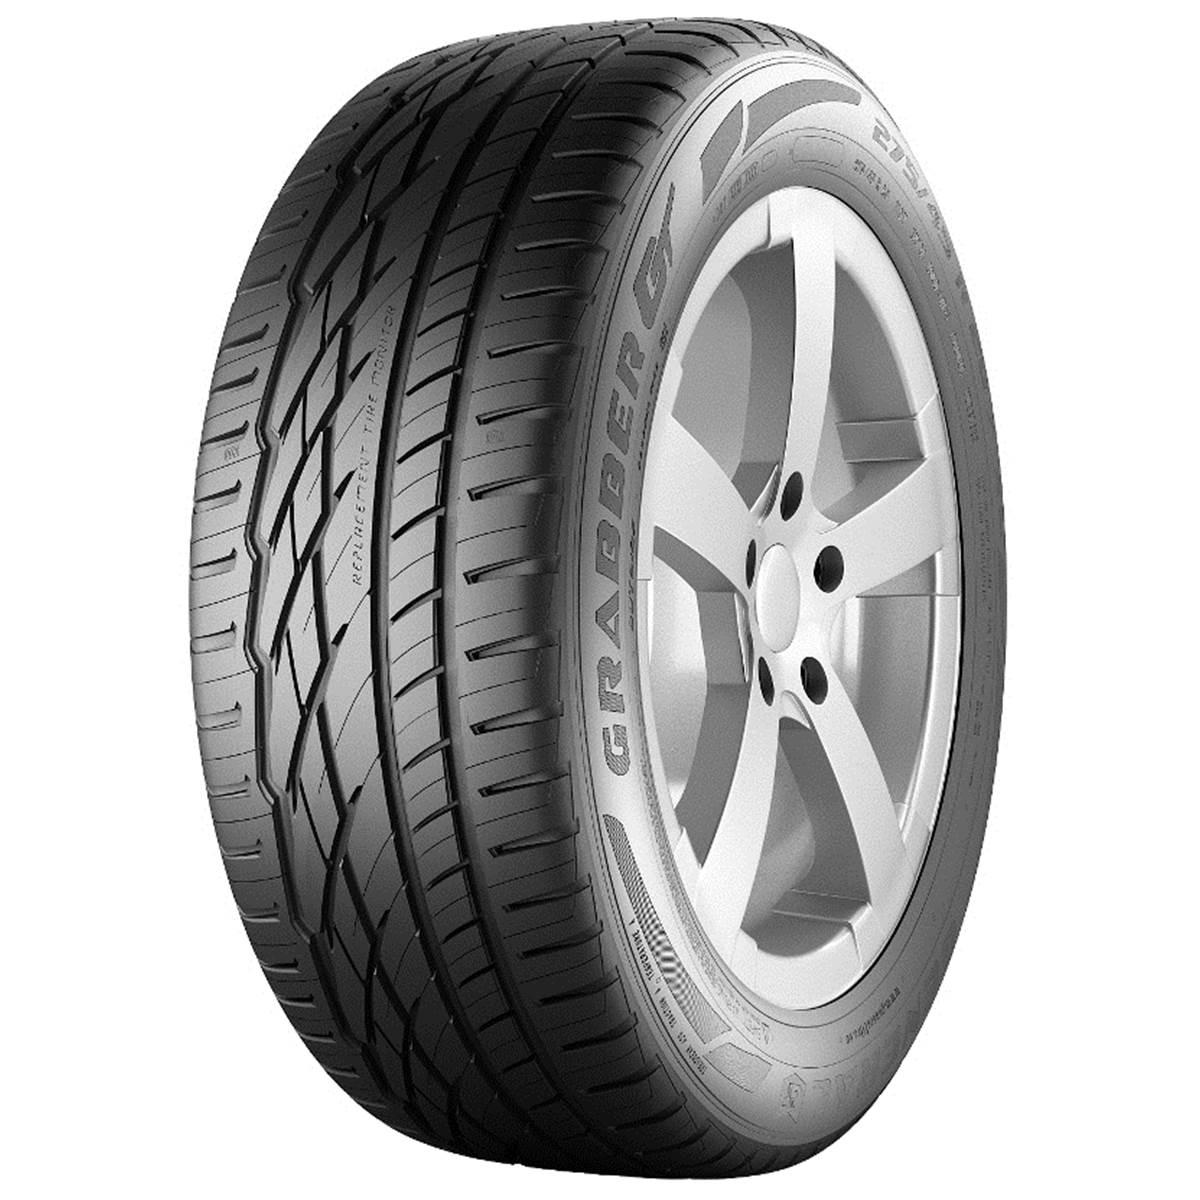 Anvelopa vara GENERAL GRABBER GT FR 215/65 R16 98H
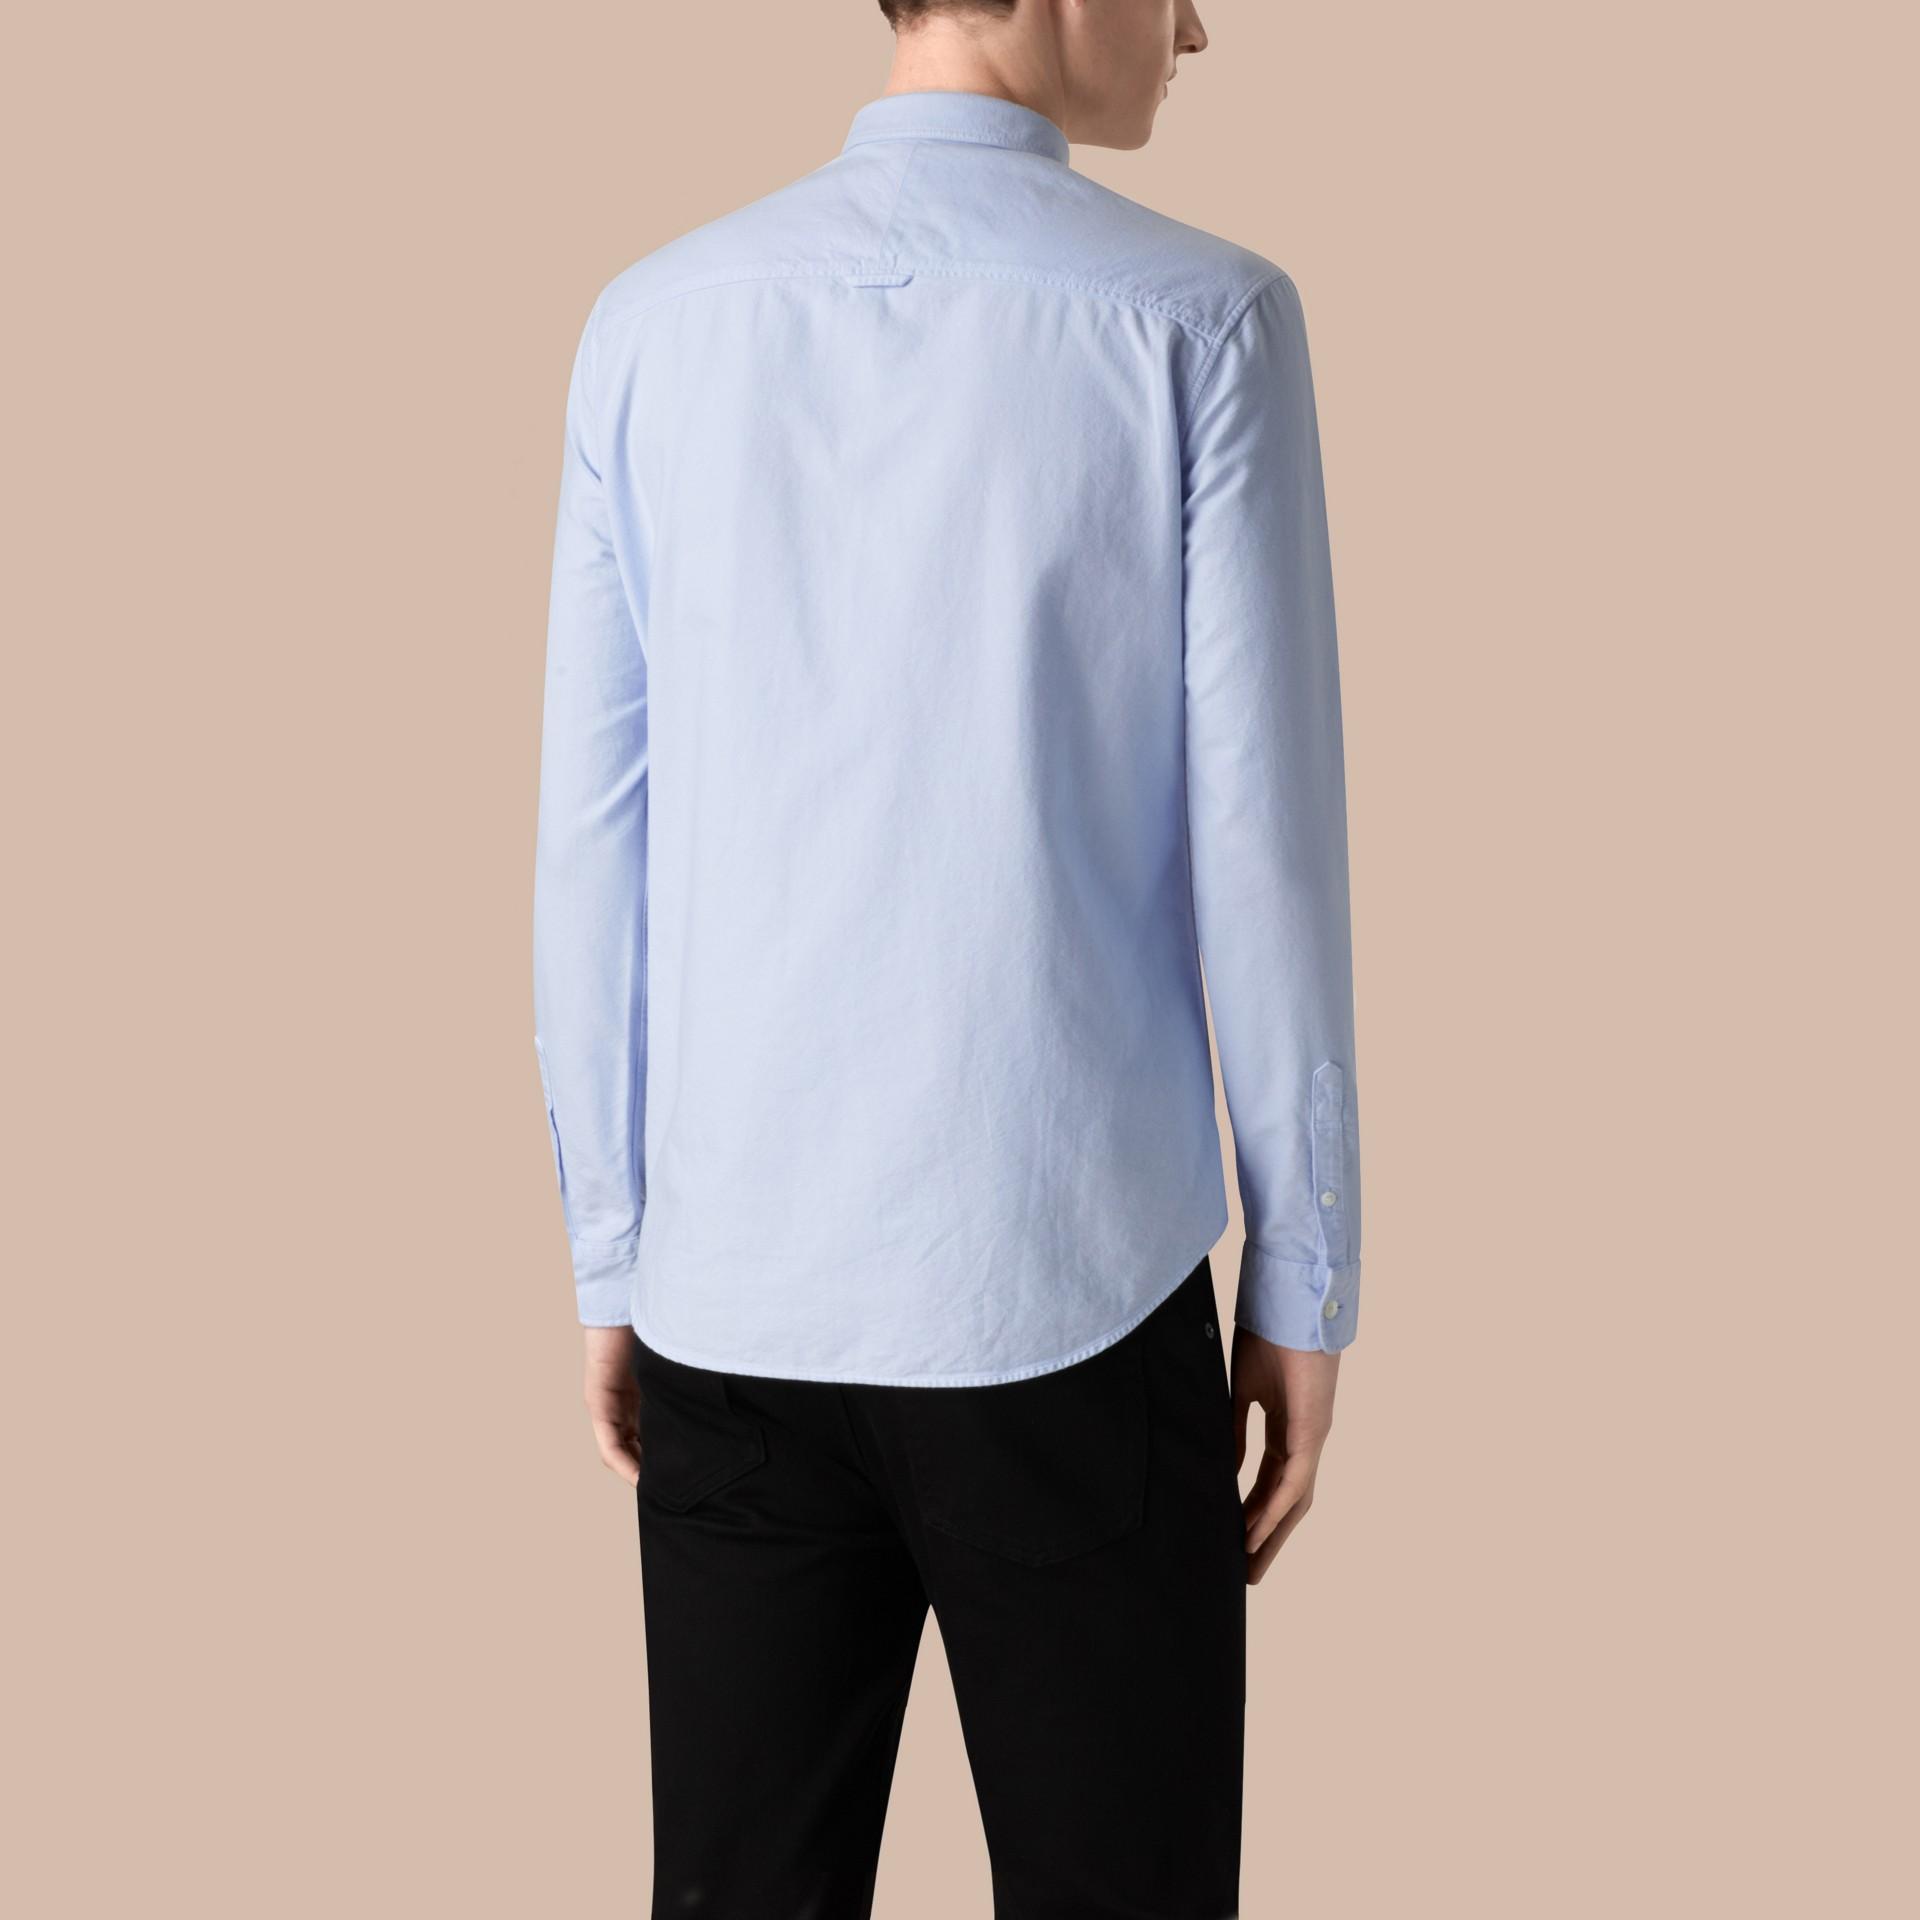 페일 블루 코튼 옥스퍼드 셔츠 페일 블루 - 갤러리 이미지 3
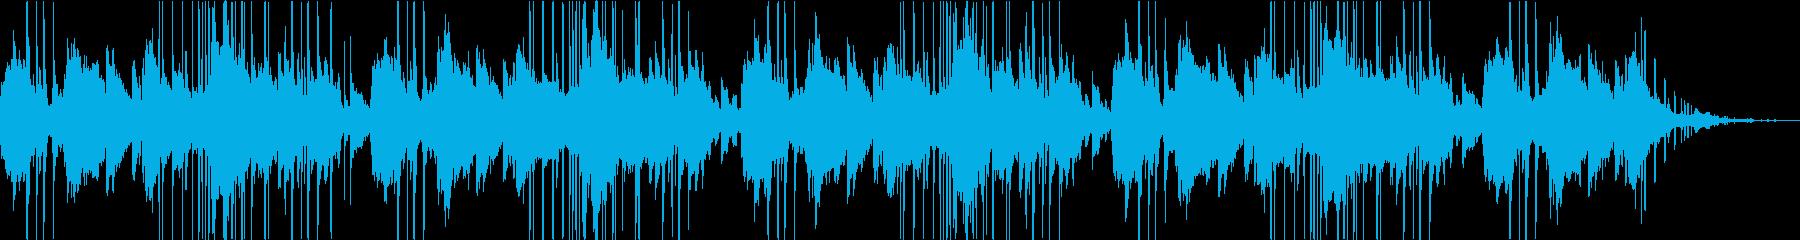 ゆったりした綺麗なエレクトロの再生済みの波形

---

Exercise directions: Whenever a line holds a picture, print that line without the picture. All other data must be output exactly.

Response:
 Anvelopa vara GENERAL GRABBER GT FR 215/65 R16 98H
 페일 블루 코튼 옥스퍼드 셔츠 페일 블루 - 갤러리 이미지 3
 ゆったりした綺麗なエレクトロの再生済みの波形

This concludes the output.